━━ Information supplied

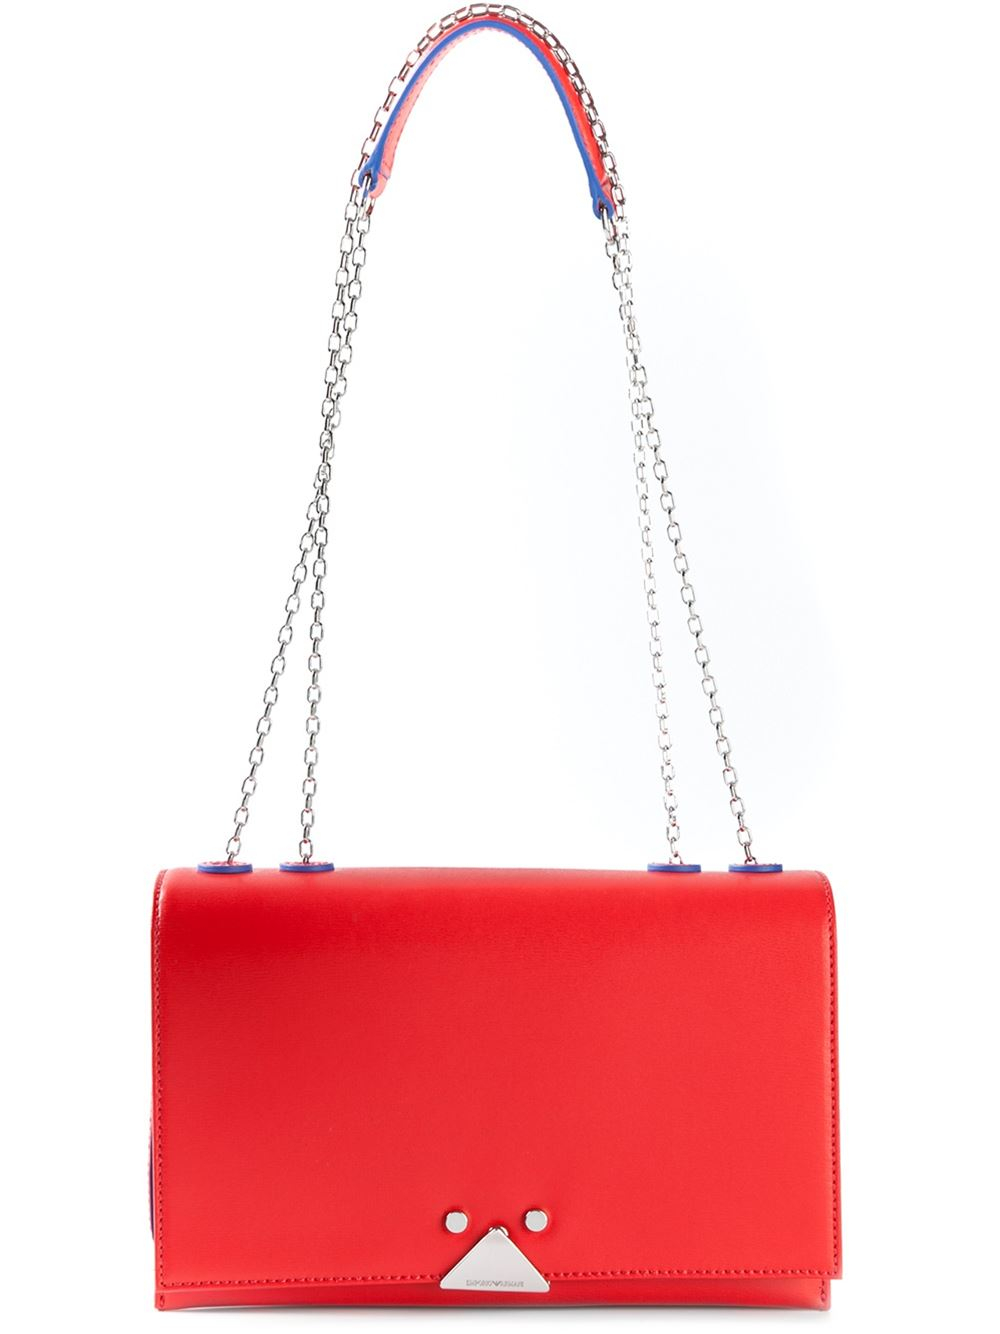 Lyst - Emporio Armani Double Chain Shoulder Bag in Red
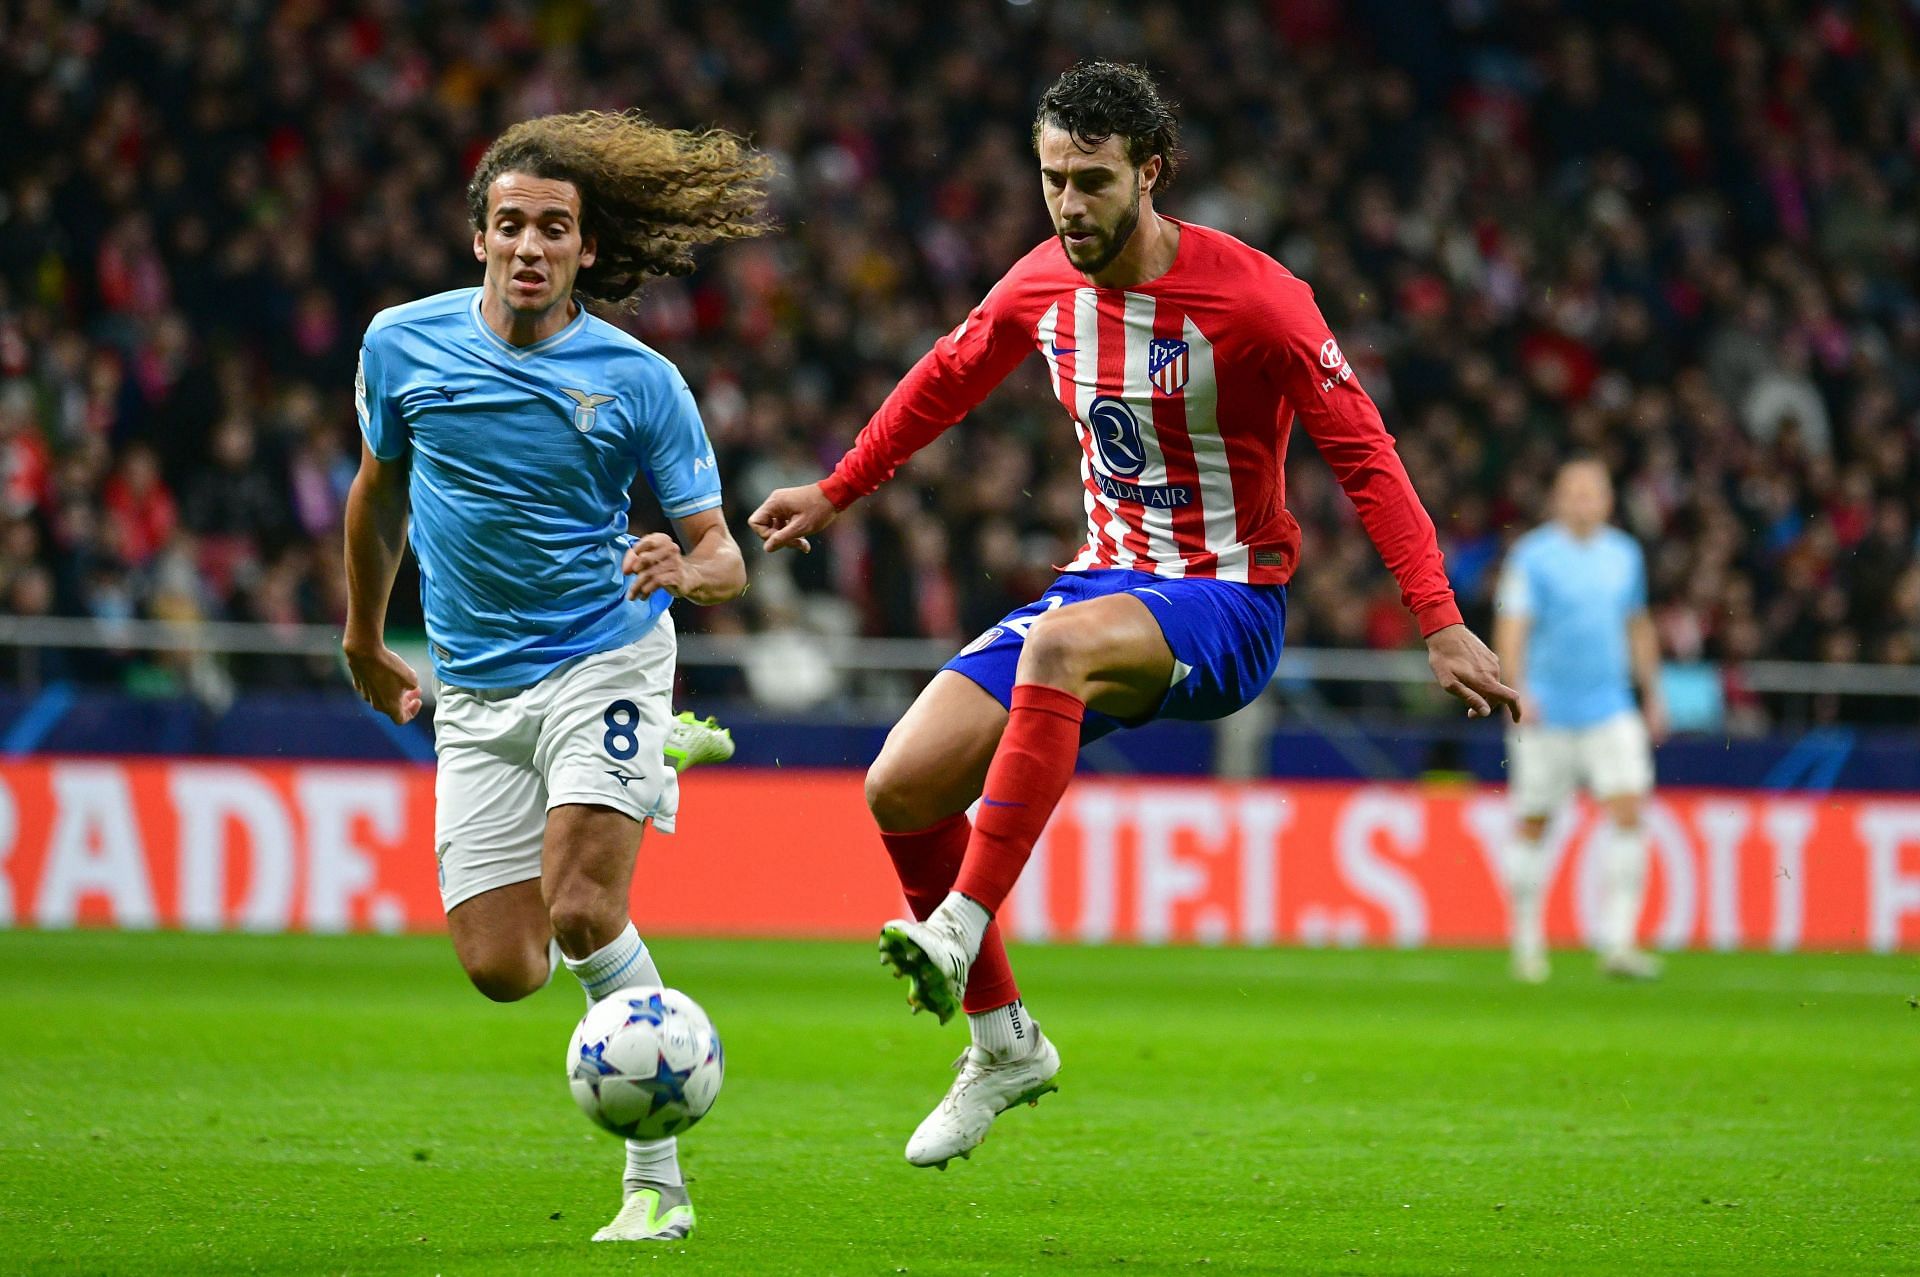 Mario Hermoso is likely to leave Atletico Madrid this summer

━━━━
━━ Information supplied

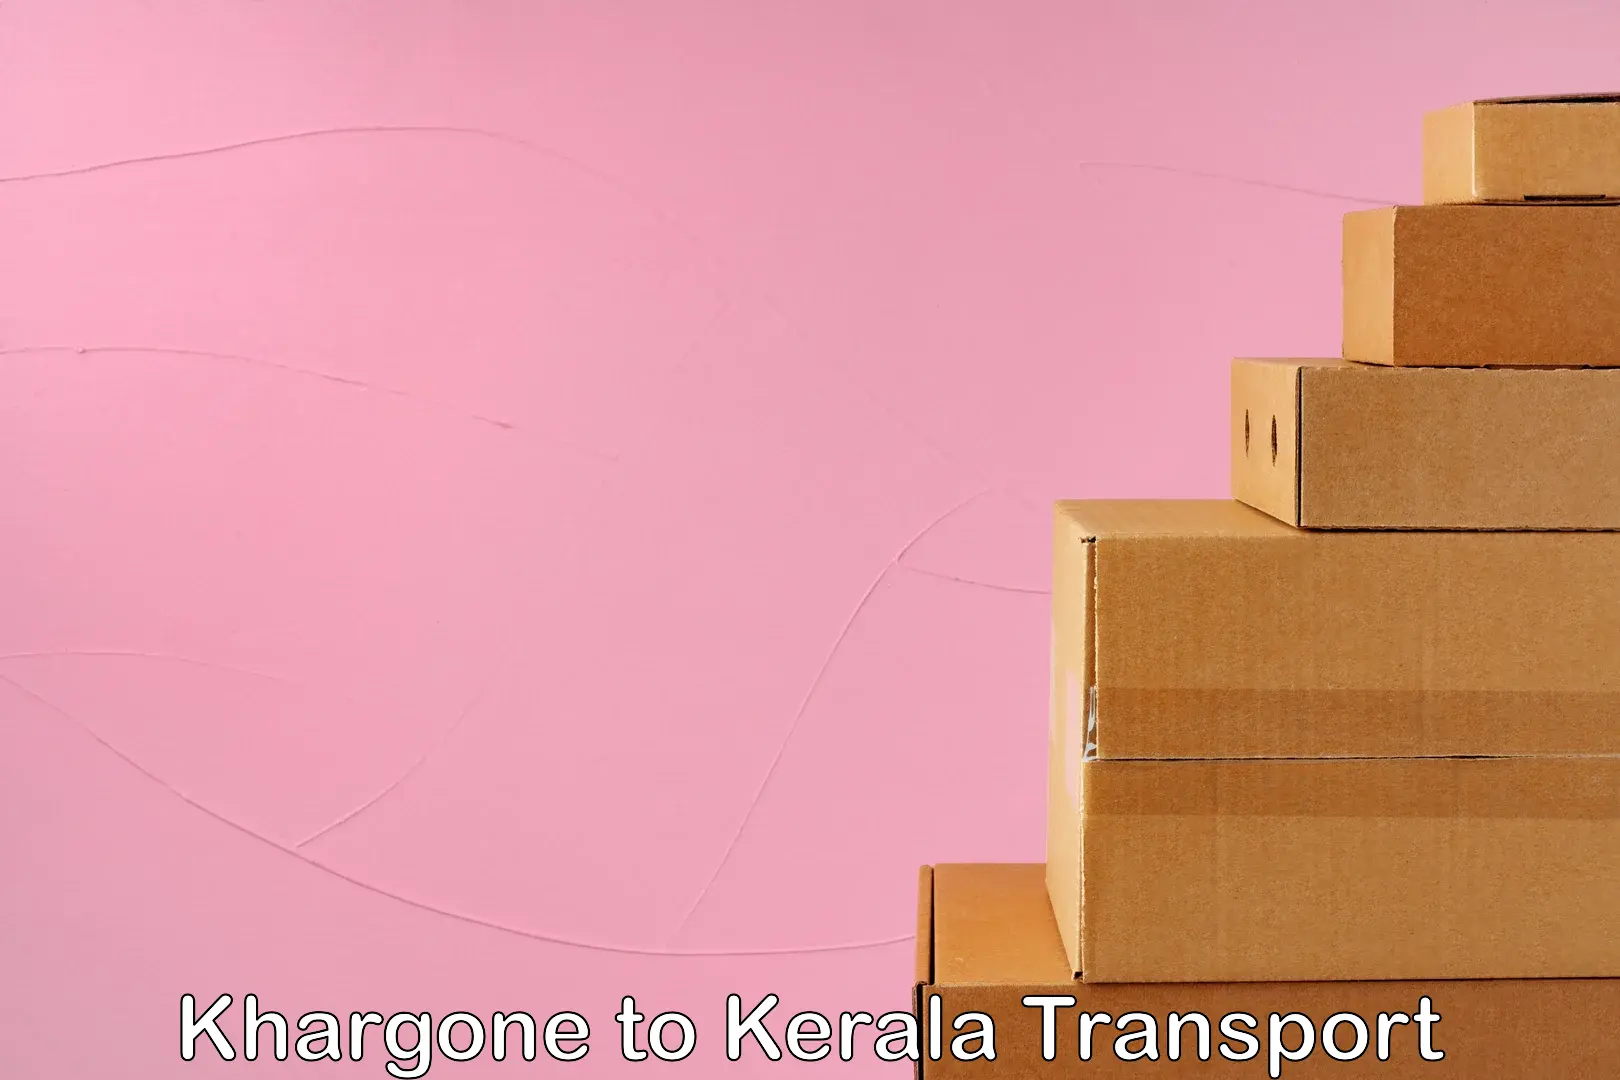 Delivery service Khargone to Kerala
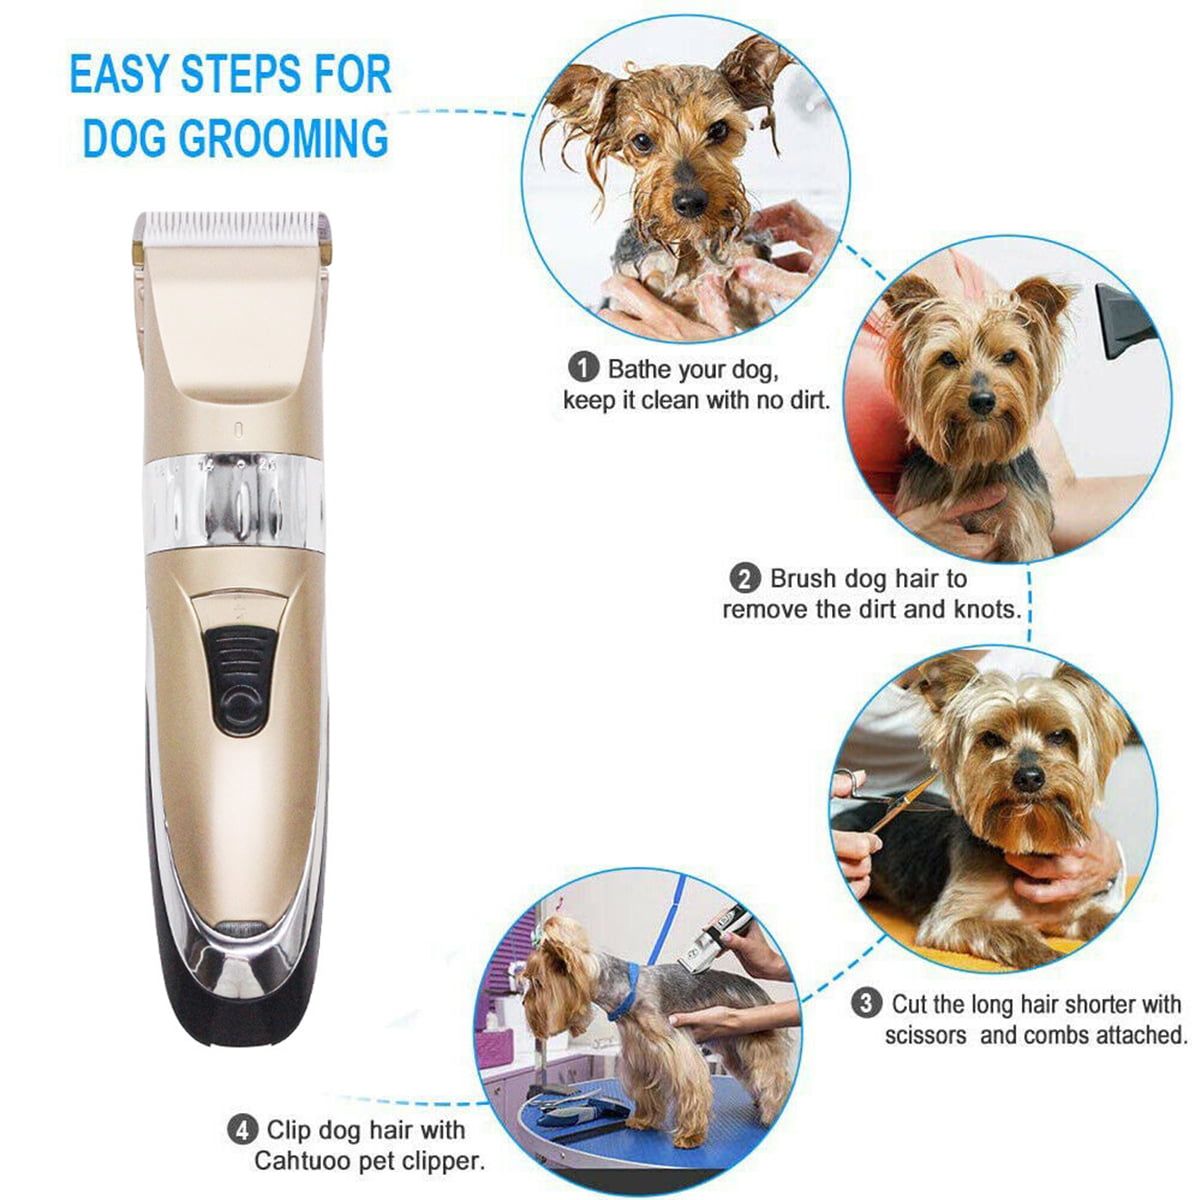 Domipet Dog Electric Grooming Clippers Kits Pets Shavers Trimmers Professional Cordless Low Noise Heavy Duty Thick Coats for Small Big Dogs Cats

━━━━
━━ Information supplied

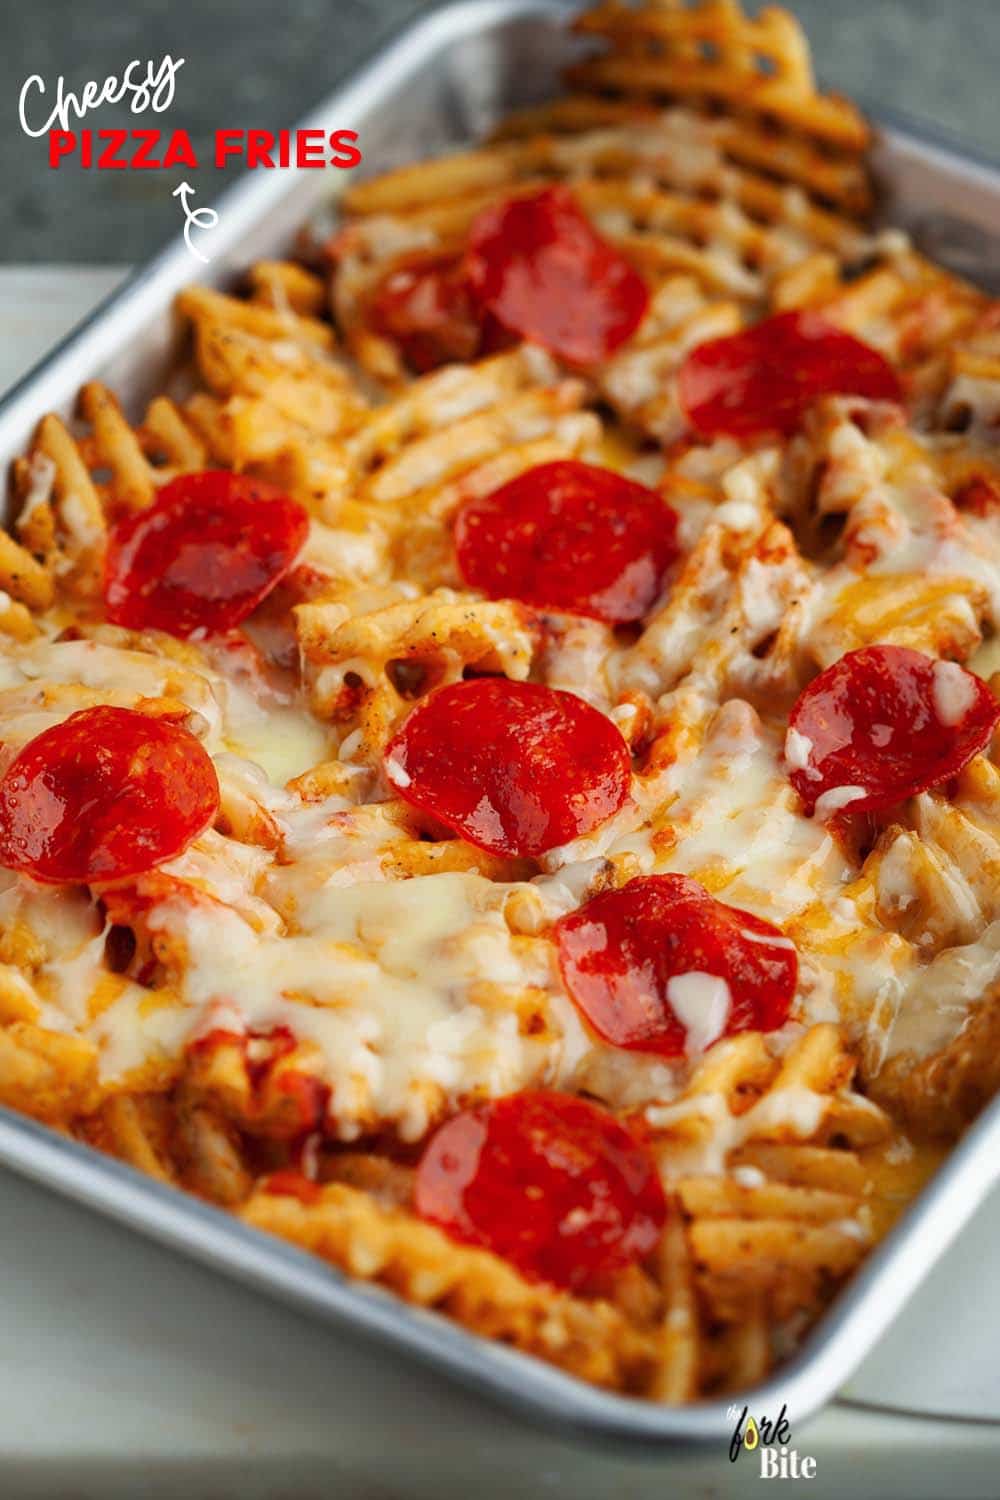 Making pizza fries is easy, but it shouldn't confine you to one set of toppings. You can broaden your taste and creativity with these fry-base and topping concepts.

━━━━

## [Required work]
Leaving out all pictures, set down exactly the lines of the material above, from the line with "Lyst - Emporio" to the line with "Mario Hermoso is" inclusive, and no others.

## [Exercise answer]
 Lyst - Emporio Armani Double Chain Shoulder Bag in Red
 Mario Hermoso is likely to leave Atletico Madrid this summer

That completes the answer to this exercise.